ToS are subservient to the law; you can (probably) terminate a service account from a user that breaks your ToS, but if the user does not have a service account (as is the case for HiQ, it doesn't seem they were using accounts for it), then your ToS does not apply, since you've technically not entered a binding legal contract with them.

> This is almost weirder. If LinkedIn wanted to force users to sign in to view profile info, would they be not allowed to do that because some company had signed a contract that implicitly assumed access to that data? If someone writes a web scraper for my site, and I unknowingly change my site in a way that breaks that scraper, can a court force me to revert the change?

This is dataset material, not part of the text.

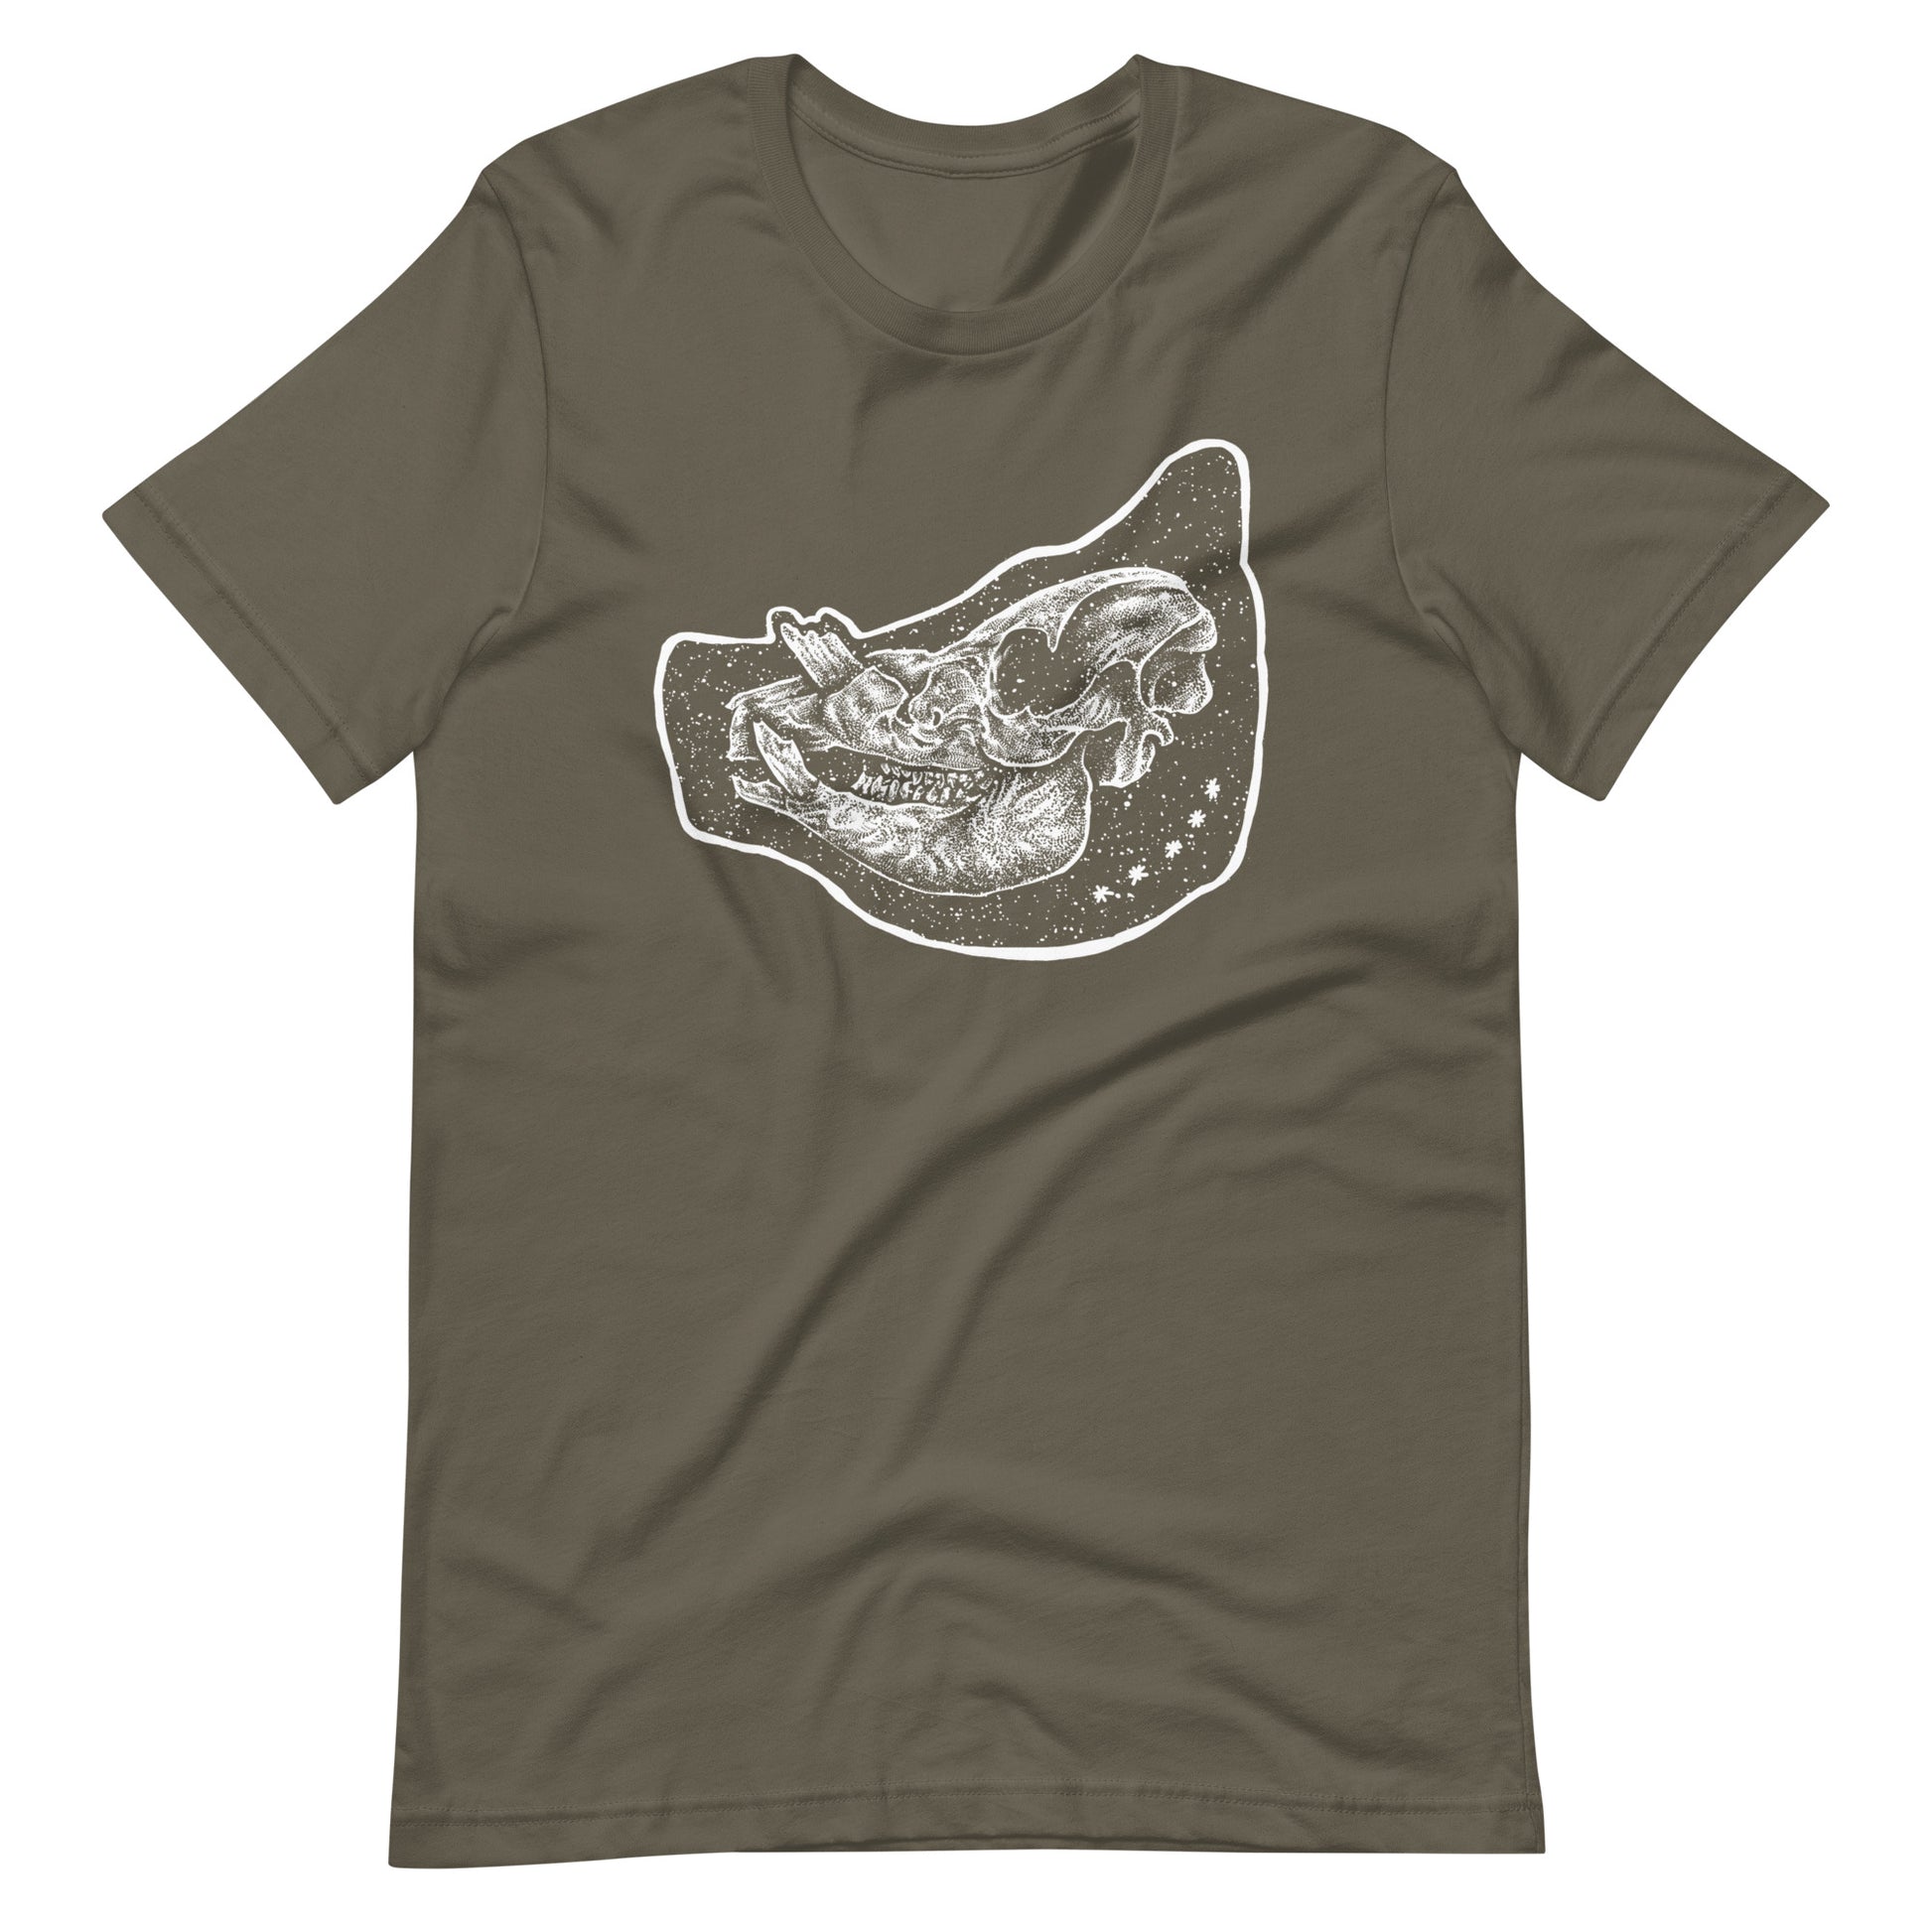 Pig White - Men's t-shirt - Army Front

IANAL, but I believe that'd fall on intent, and intent is often difficult to prove at a personal level, but not necessarily at a company level. If your intent for putting up barriers that happen to impact scraping, whatever they may be, was indeed to knowingly prevent scraping from a particular company, then you may be liable under this decision. This is the only part of the decision I'm torn on, since it's a bit messy to really prove such things. I'd be much more comfortable with allowing companies to take whatever measures they feel necessary to prevent scraping, and also allowing scrapers to legally circumvent those measures without threat of prosecution, assuming they didn't actually hack into anything.

3 comments

> but if the user does not have a service account (as is the case for HiQ, it doesn't seem they were using accounts for it), then your ToS does not apply, since you've technically not entered a binding legal contract with them.

Are you sure about this? I am not a lawyer, but I believe that the Terms of Service applies to all users, not just those that explicitly set up a user account.

I have interpreted the LinkedIn ruling to mean that scraping public data is no longer criminal activity but it still leaves you open to civil lawsuits for violating the ToS of the website you are scraping.

> Are you sure about this? I am not a lawyer, but I believe that the Terms of Service applies to all users, not just those that explicitly set up a user account.

How would that even work? If I browse to any random public page of your website, it's served to me before you've even transmitted the terms of service. How could I be bound by those terms of service when I haven't even seen them?

As an engineer, I agree with what you are saying, but I think normal people and the courts disagree.

I think these sorts of contracts are called Adhesion Contracts (https://www.investopedia.com/terms/a/adhesion-contract.asp) and we interact with them all the time. For example, if you valet your car, the valet will hand you a piece of paper with a number printed on it to retrieve your car. On that paper you will find an adhesion contract that is valid and real (although not as powerful as the types of contracts that you sign)

This does not work at least for software licensing based on precedents for shrink-wrap contracts, so again would not work for licensing use of data.

A paper served you by the valet is not an immediate contract as you can deny agreeing to it and service does not happen.

You cannot do that with a publicly visible website, unless you show ToS and require agreement before first use. If you allow a non-transferable license then said data cannot be used by a search engine. If it's transferable you just pushed the problem towards scraping a different bot. (Well, you could have a direct agreement with a few major search engines.)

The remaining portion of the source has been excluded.